If, despite our best efforts, we can’t sign a new lease, we need to explore other options. We have come up with three ideas that would keep the store alive (and thriving for years to come!) when our lease is over in a few months. Commercial property is a very difficult thing to navigate by ourselves, so we are asking for your help. If you, or anyone you know, has ideas about how to get us in a new home with long-term viability, please tell us! Caveat Emptor is not just another retail store, it is a vital part of the Bloomington community and it deserves a place to call home for another five decades. So here are three ideas which we feel would keep Caveat alive and prosperous. They are in order of what we would like to see happen, starting with the most optimal.

Caveat Owning Its Own Building

Nothing would be more sustainable than for Caveat to control its own destiny. Owning our own building would mean that we would have a fixed overhead mortgage cost in perpetuity. Additionally, the money we pay at the first of the month would be going towards building equity in our own asset, instead of being dumped into someone else’s coffers. Our store wouldn’t be at risk from commercial property market fluctuations, inevitable rent and fee hikes, or the sword of Damocles that is the lease expiration.

We know this would be tricky, but we also know it’s the most sustainable solution. Over the years, we’ve talked to every bookseller we could find. The ones who are making it had one thing in common: they own their space. Here are the things that would probably need to fall in our direction for this to be accomplished:

  • We would need to find a sympathetic seller of a property around campus/downtown — someone who believes in what we’re doing, and could let their property go at a pretty good price. If you are someone like this, or know someone like this, we want to know! Perhaps we could work out a contractual agreement for a rent-to-own situation.
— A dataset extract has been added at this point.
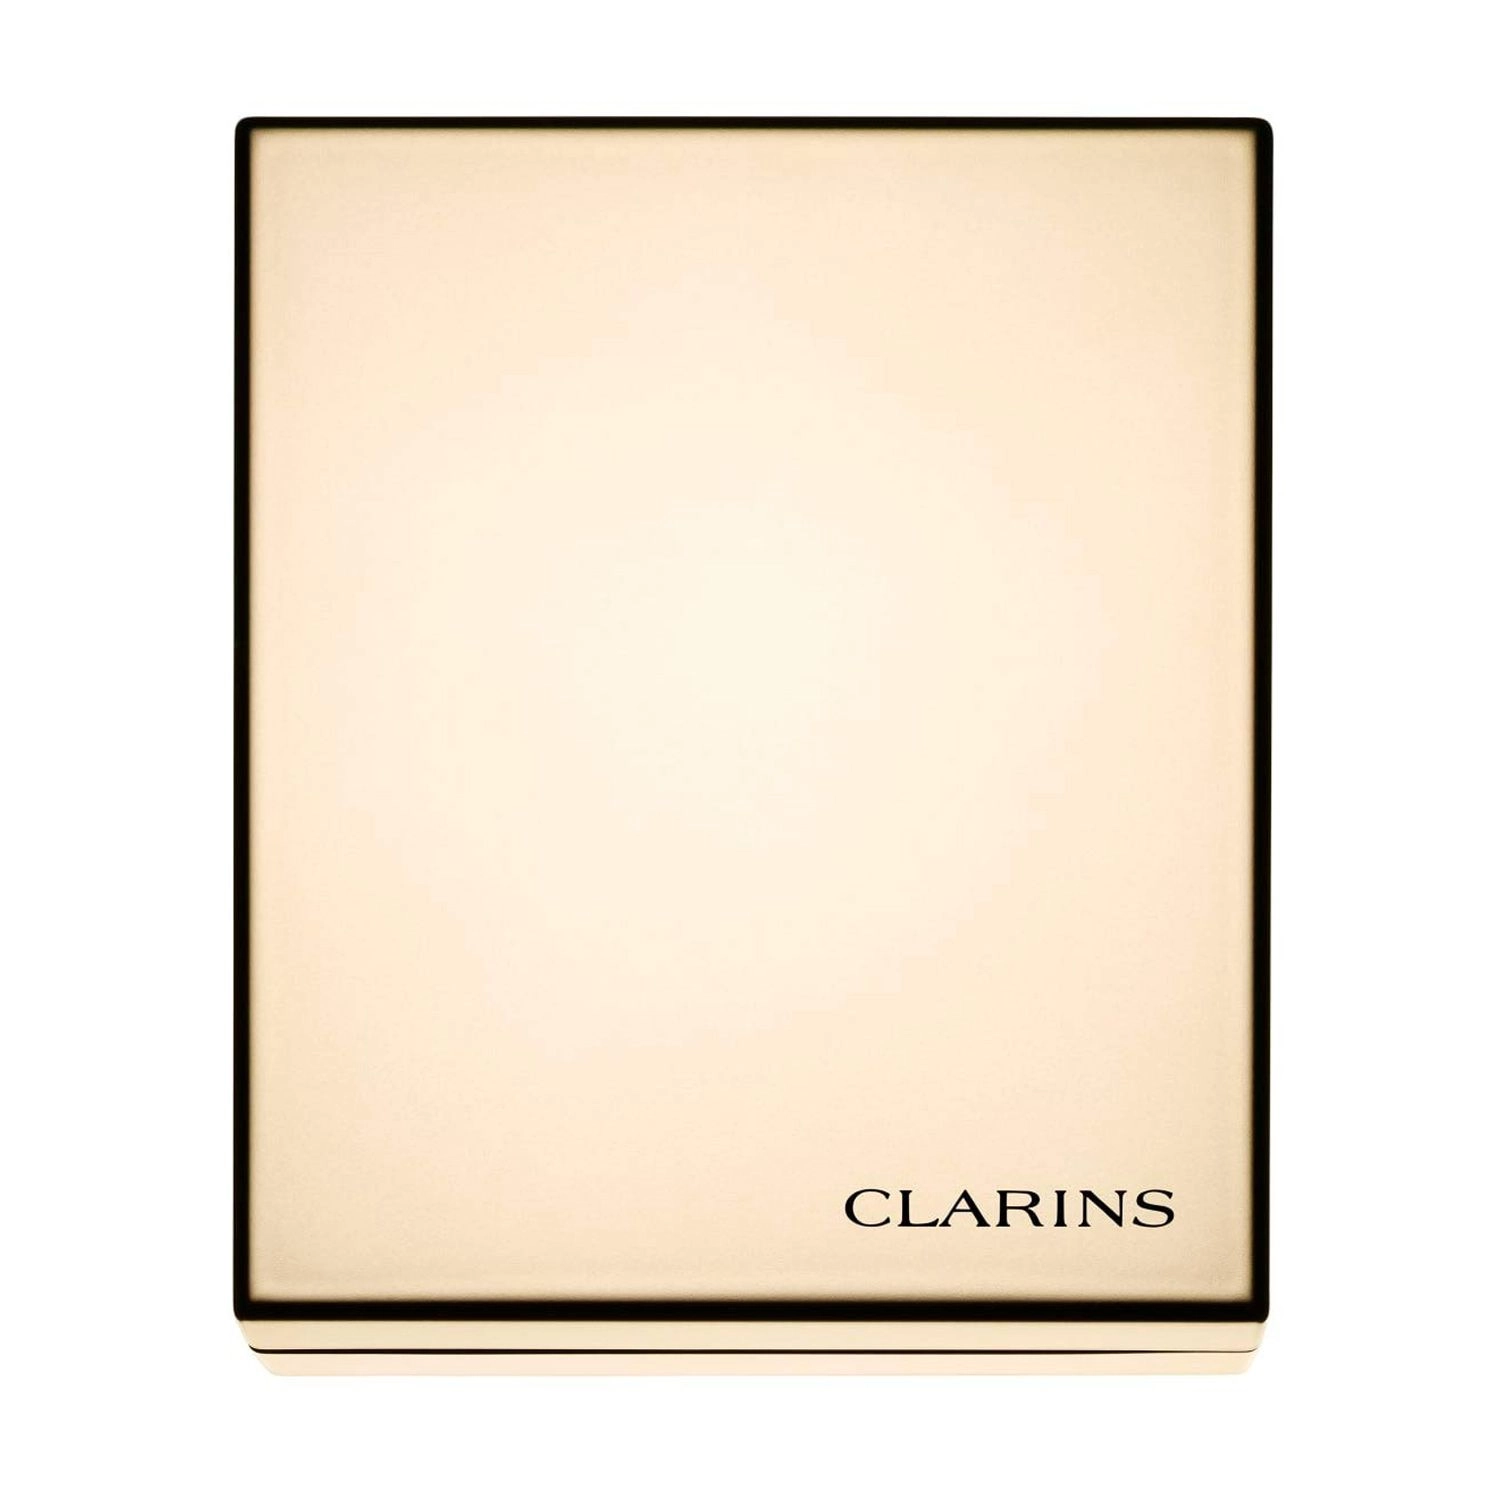 Clarins Компактная стойкая тональная крем-пудра для лица Everlasting Compact Foundation SPF 9, 109 Wheat, 10 г - фото N3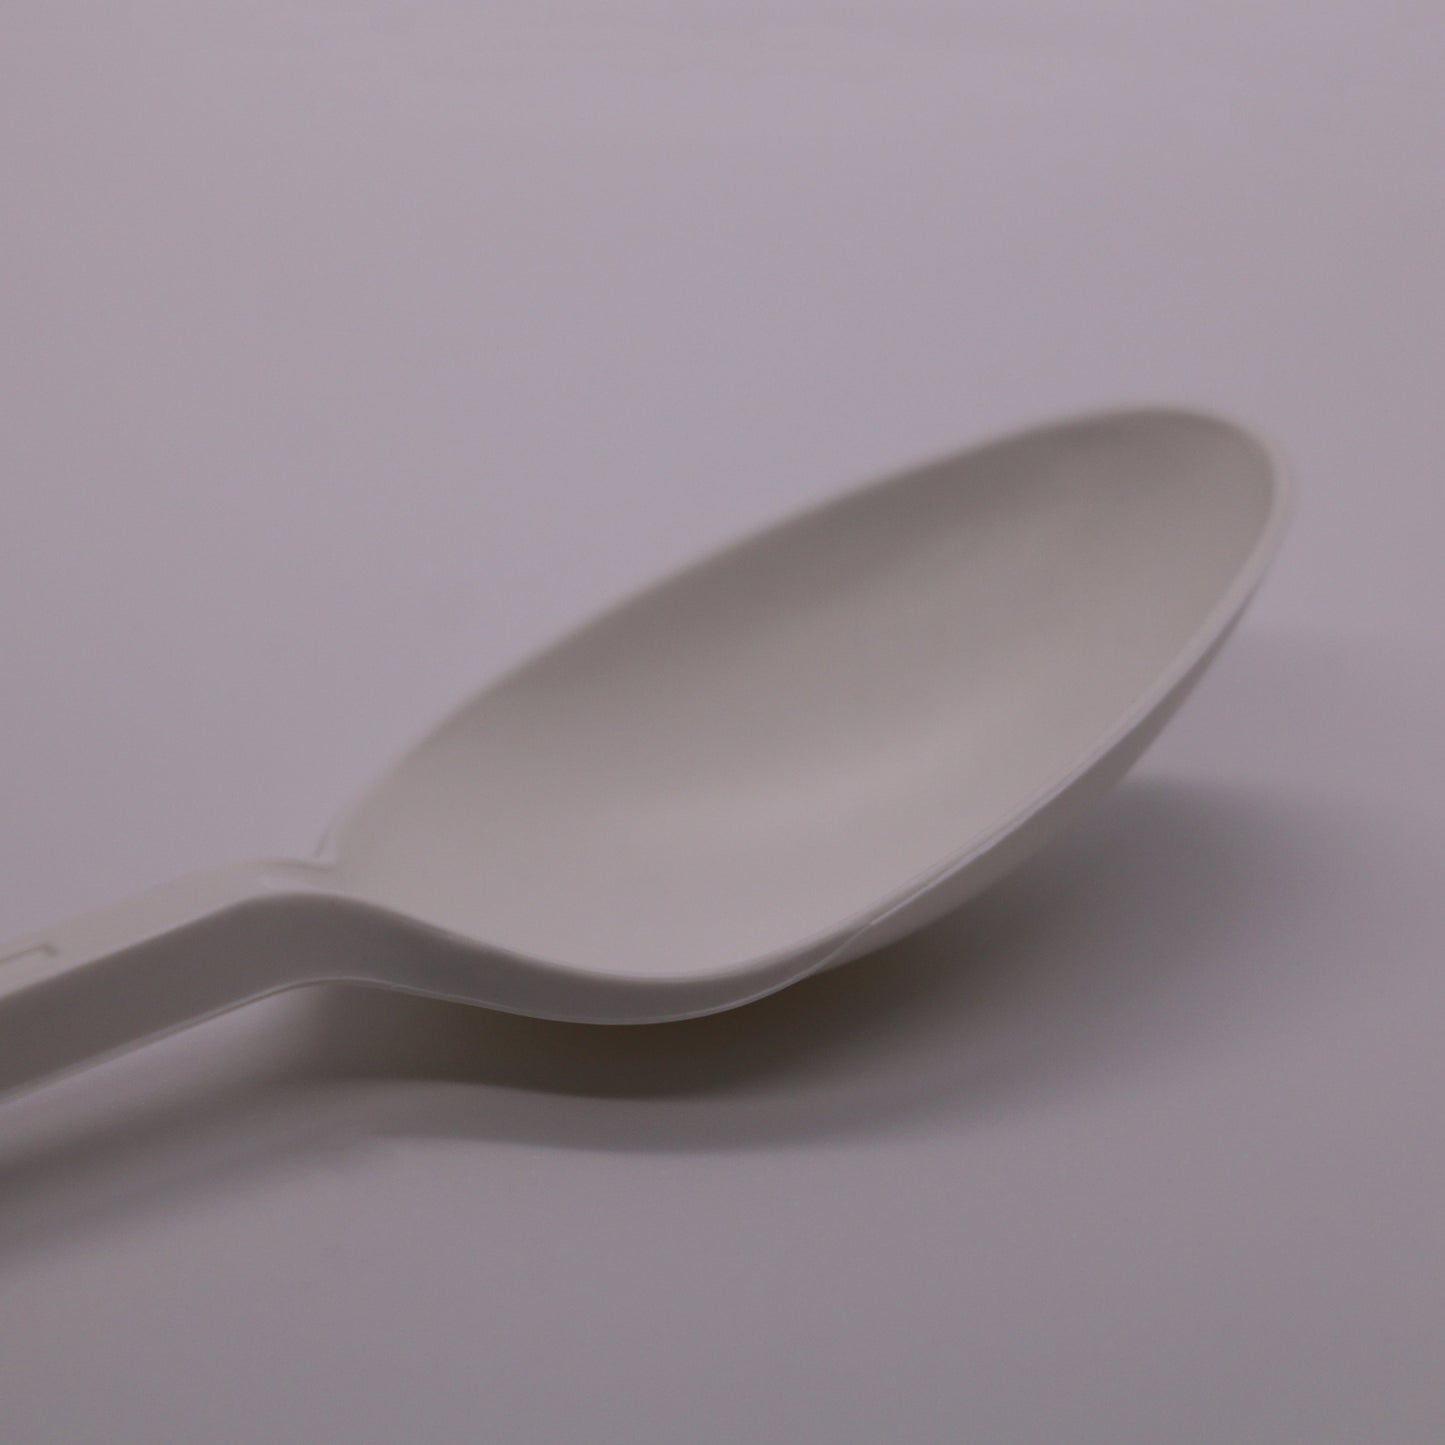 Premium Biodegradable Spoons [Pack of 25]

  • If we couldn’t find a seller that would rent-to-own, we would need to finance a down-payment on a property if we went the more traditional route. We’d try to raise funds through any sustainable means:

    • A huge fundraising sale of books.

    • Selling discounted gift cards to the store.

    • Kickstarter or Go Fund Me campaigns or other crowd funding. If we just got a dollar from every customer from the last 5 decades, we’d have more than enough!

    • Low-interest loans from private lenders or perhaps angel investors?

    • Any and all help from the community is the key to finding a solution.

  • We would need to find a property that checks a lot of boxes:

    • Location near campus and/or downtown.

    • Has the space enough for books, office, storage, and enough room left over to hold events (book signings, readings, book clubs, etc). Even perhaps a small area to have coffee/beer/wine and a great social atmosphere.

    • Obviously parking would be a huge bonus!

    • The property would need the foundational structure to bear the weight of tens of thousands of books.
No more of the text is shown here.